First recognized a quarter of a century ago, E. coli O157:H7 causes bloody and non-bloody diarrhoea, hemorrhagic colitis, and hemolytic uremic syndrome (HUS), which is the leading cause of acute renal failure in children. One of the most potent toxins ever described, Shiga toxin, is a critical virulence factor in HUS, and different variants of this bacteriophage-encoded toxin, e.g., Stx1, Stx2, Stx2c, are found in this pathogen. The mechanism of Shiga toxin is similar to that of ricin and involves inhibition of protein synthesis in renal endothelial and other cells. Toxin produced in the intestine enters the circulation, resulting in direct and indirect effects on the kidney. Other important virulence factors include the type III secretion system encoded on the locus of enterocyte effacement (LEE) pathogenicity island and a variety of secreted effector proteins encoded in the LEE and elsewhere in the genome.

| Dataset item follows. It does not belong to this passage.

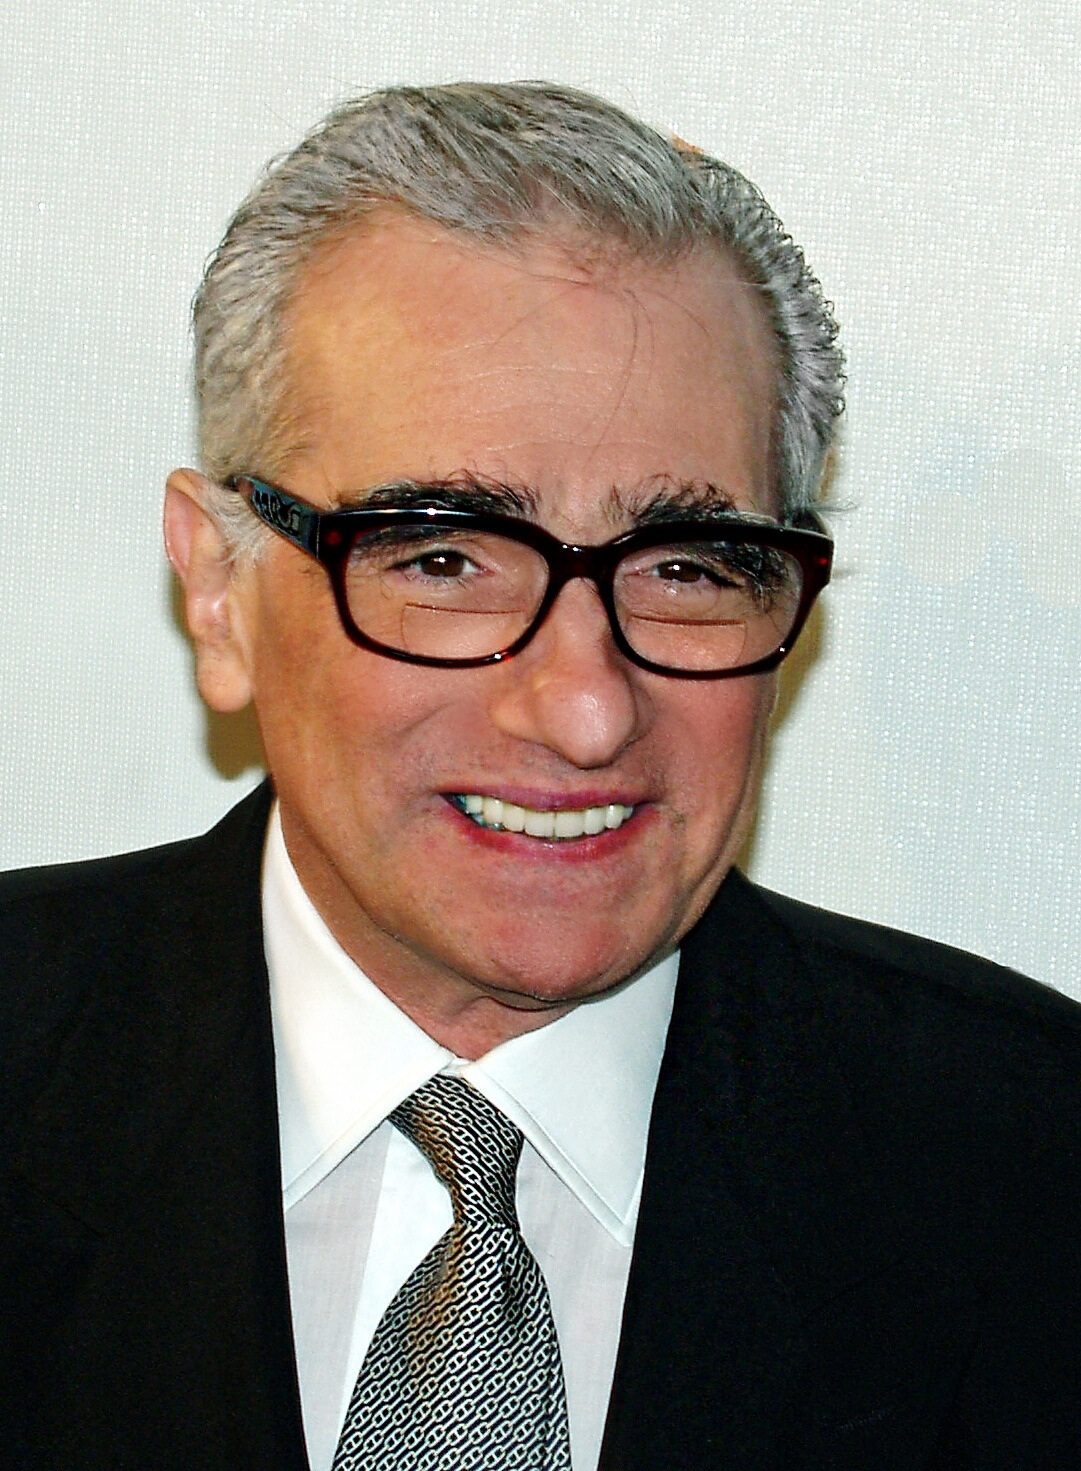 Scorsese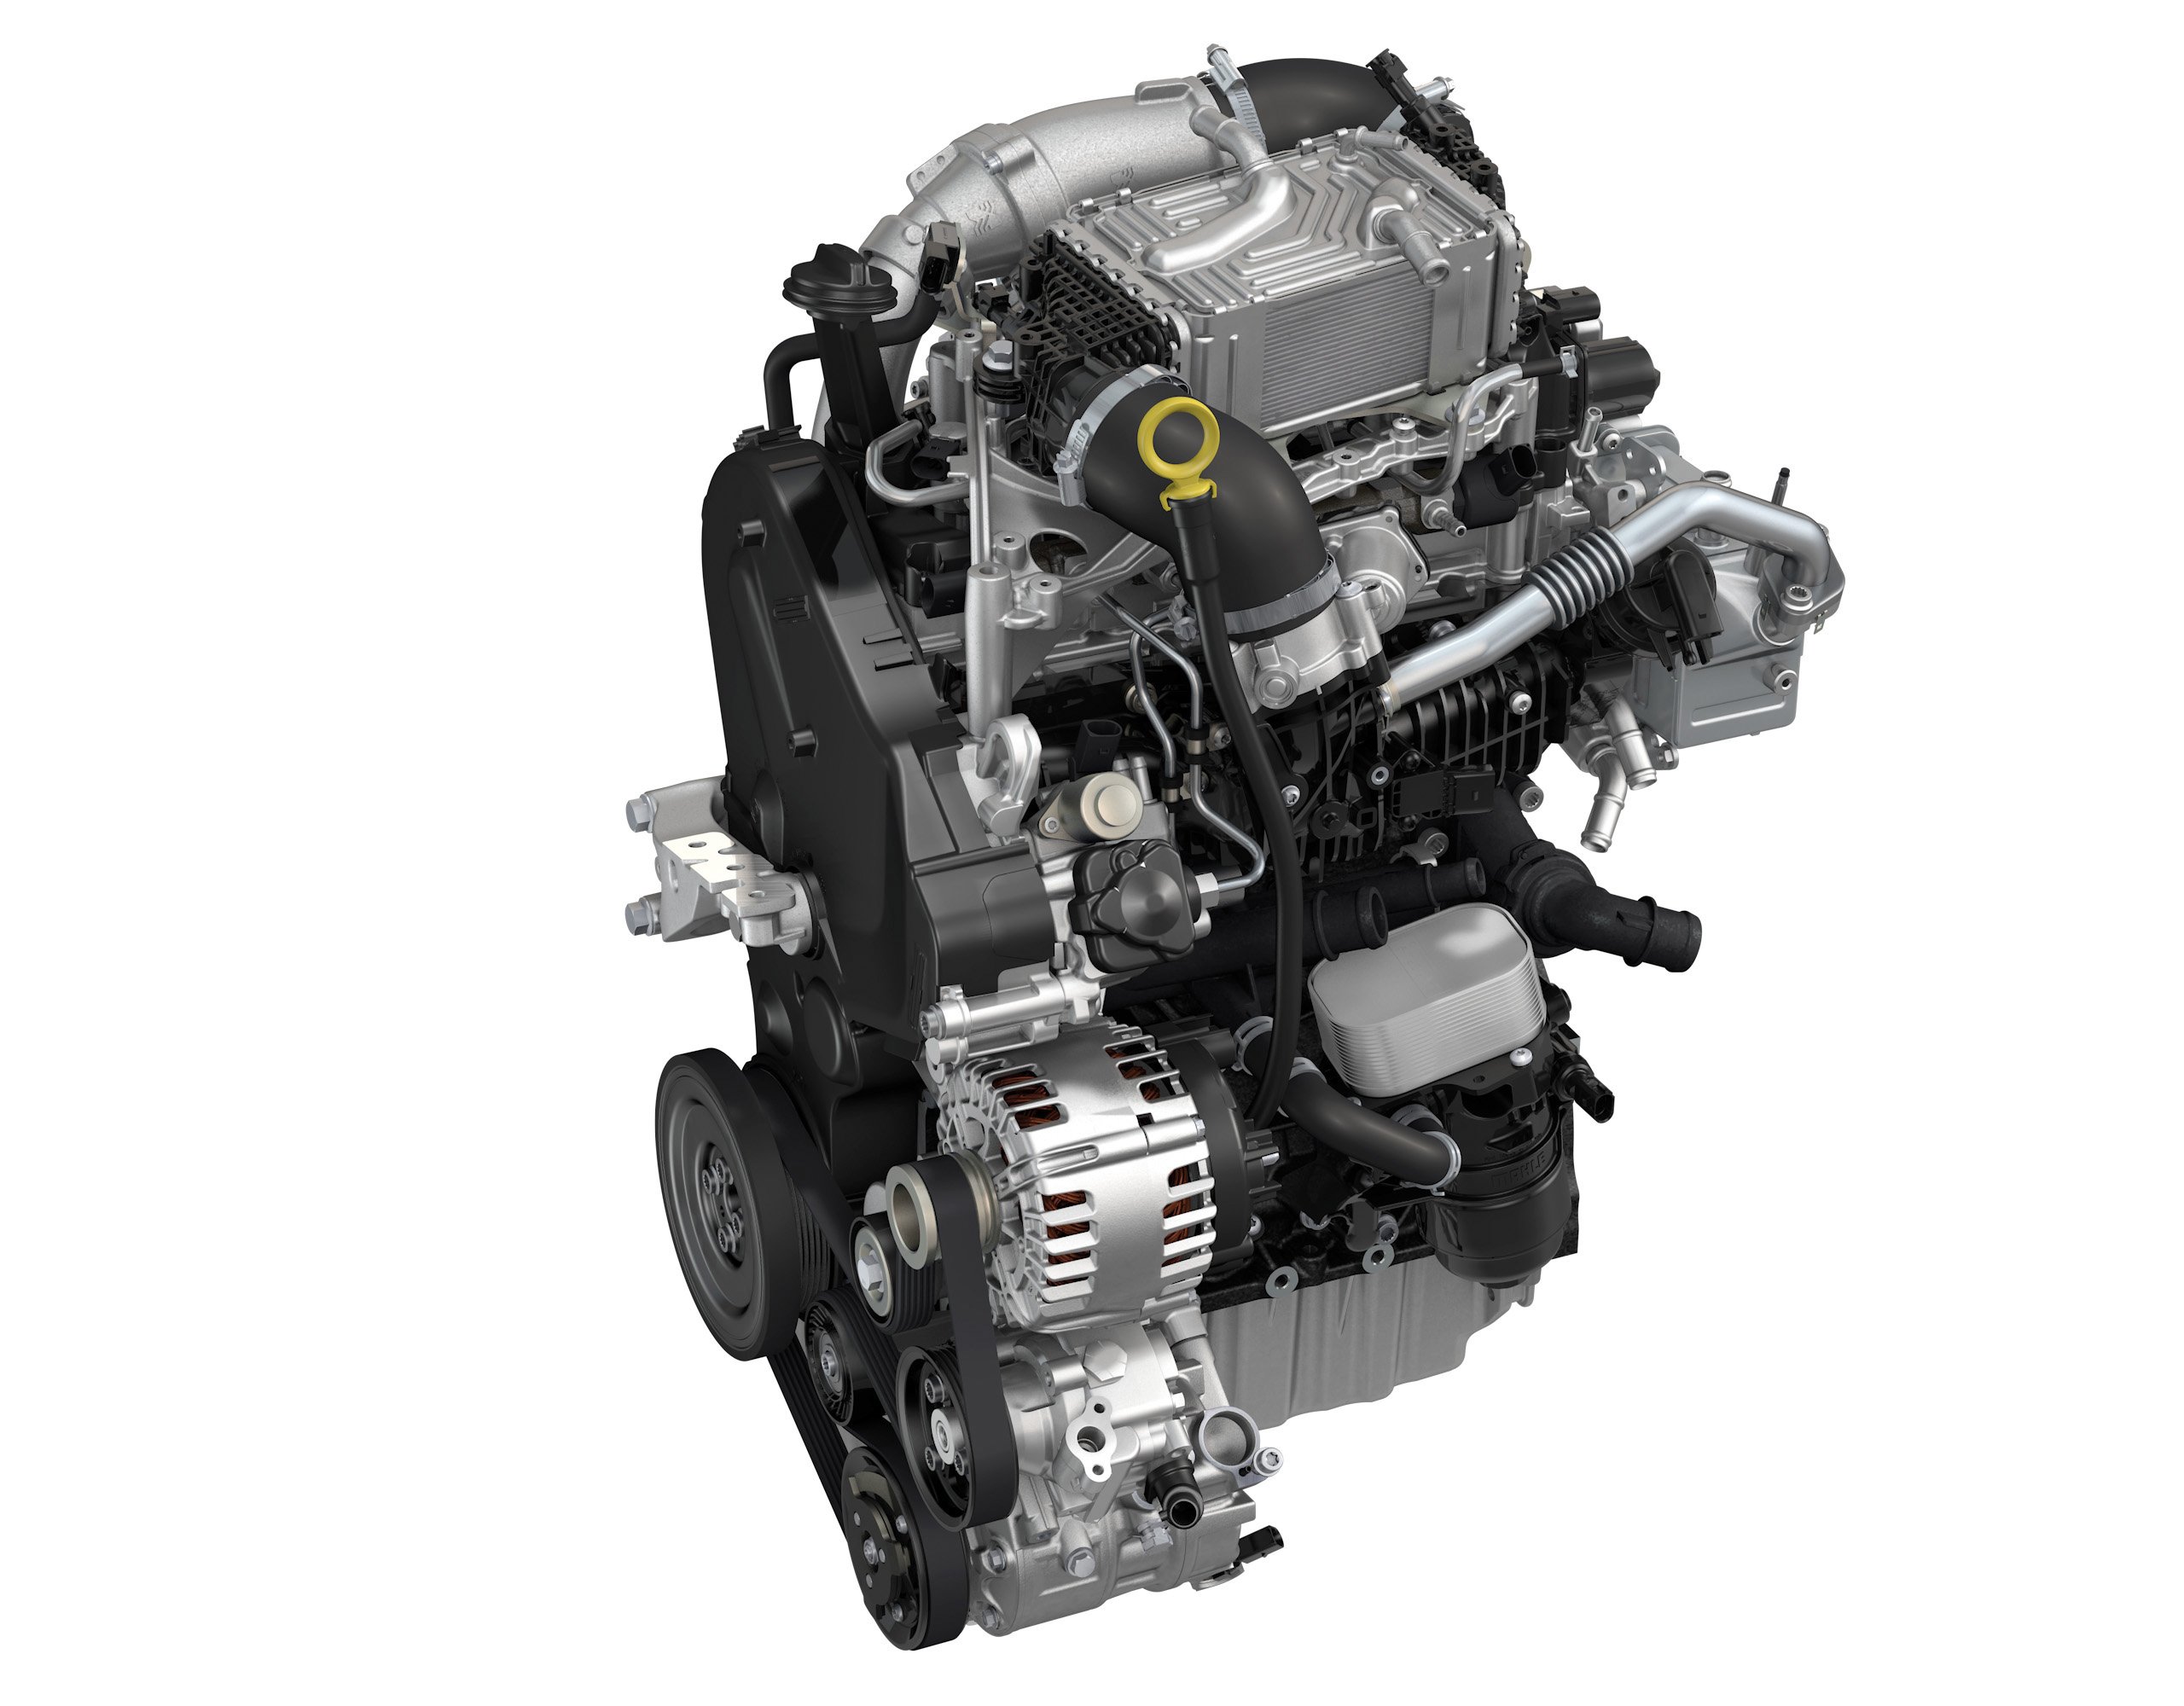 Дизель фольксваген 2.5 л. Двигатель Крафтер 2.0 дизель. 2.0 TDI 140 Л.С дизель. Двигатель 1.6 дизель Фольксваген. Volkswagen с двигателем 2.0 TDI.

The work of Manning et al (Variation in virulence among clades of Escherichia coli O157:H7 associated with disease outbreaks. 2008 PNAS USA 105:4868–4873) reminds us that evolution of microbial agents is an ongoing process. E. coli O157:H7 is the most notorious of several different types of pathogenic E. coli that are “relentlessly evolving” (7). This study demonstrates the power of current molecular techniques, where the entire genome sequence of a bacterial pathogen can be determined to investigate a specific disease outbreak, but it also demonstrates the limitations of such techniques in relating the sequence information to the complex interaction of host and pathogen.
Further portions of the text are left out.